Deffinately sounds like DT's to me especially since the wife states hx of ETOH abuse.

whoever told you this was wrong. this patient was suffering from etoh withdrawal, not ropivacaine toxicity. overdoses of local anesthetics do not lead to this kind of behavior, they lead to cardiac arrhythmias and seizures. toxicity to local anesthetics is seen within seconds to minutes following the administration of the dose, not three days later.

for more information, see http://www.manbit.com/oa/c4.htm.

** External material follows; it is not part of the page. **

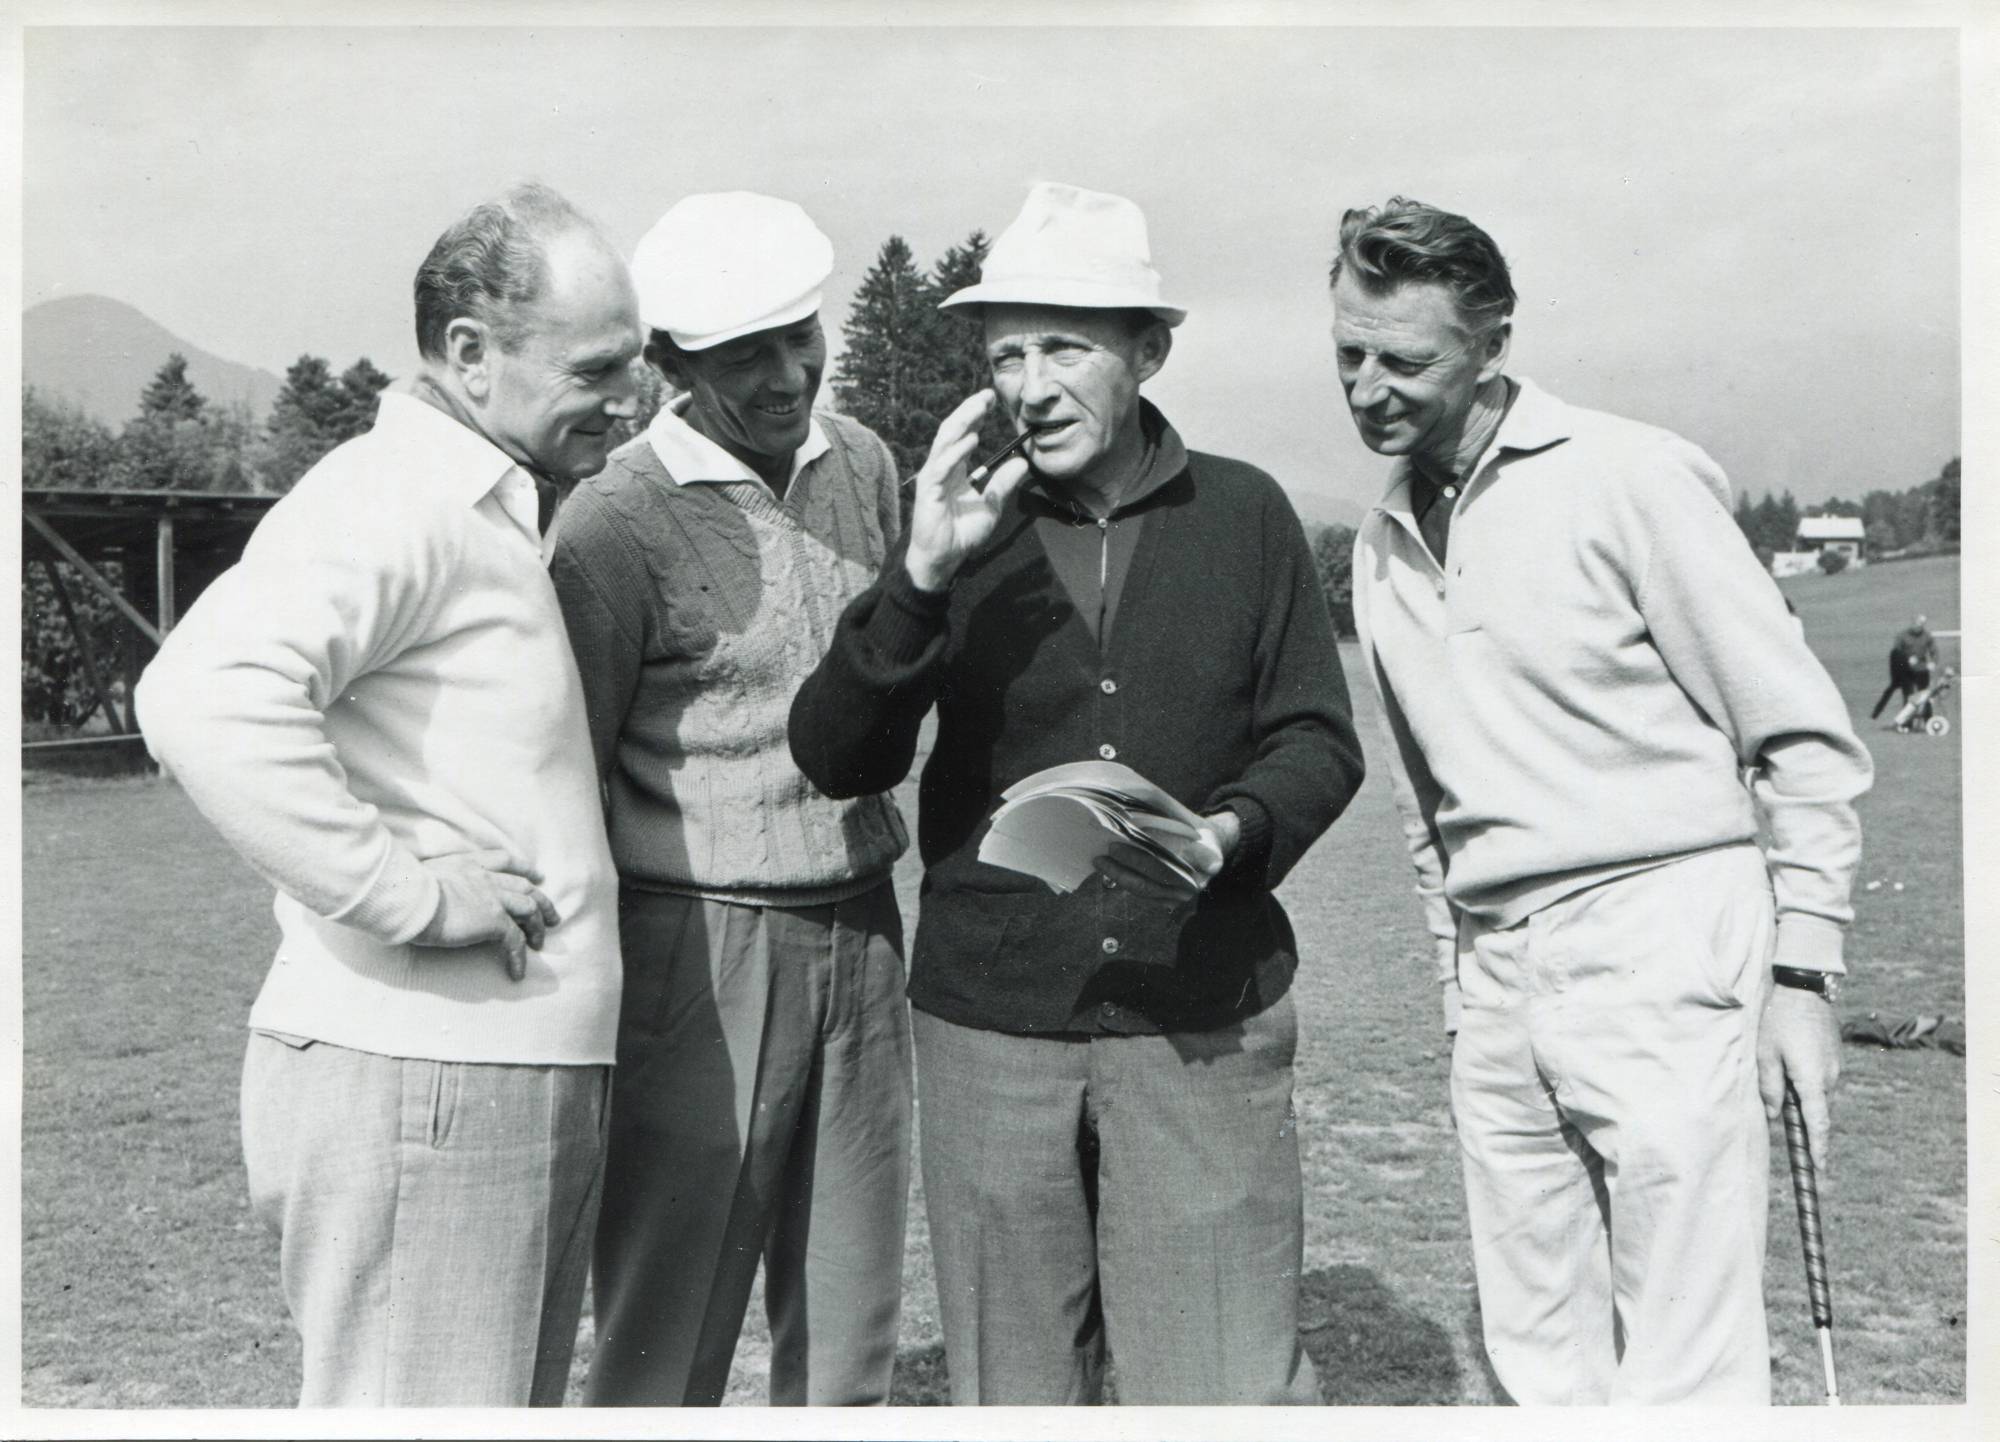 Seit 1955 spielt Harrer außerdem Golf. 1958 wird er österreichischer Golfmeister. Auf dem Golfplatz lernt er nicht nur zahlreiche internationale Berühmtheiten kennen, sondern auch seine dritte Frau Carina. Am Bild zu sehen: Heinrich Harrer beim Golfen mit Bing Crosby, Kitzbühel Ende 1950er Jahre.

this patient was suffering from dt's.

Specializes in critical care; community health; psych.

I've taken care of lots of patients on epidural nerve block. Never have I seen the type of reaction you describe from ropivicaine administration. I have seen lots of ETOH withdrawal and that's what it sounds like to me.

Specializes in ER/Trauma.

I'm with the ETOH withdrawal crowd.

I see at least 15 patients with Ropivicaine Fem blocks/epidurals each week - none of them behave in this bizzare fashion. The give away is, as gasspasser pointed out:

Overdoses of local anesthetics do not lead to this kind of behavior, they lead to cardiac arrhythmias and seizures.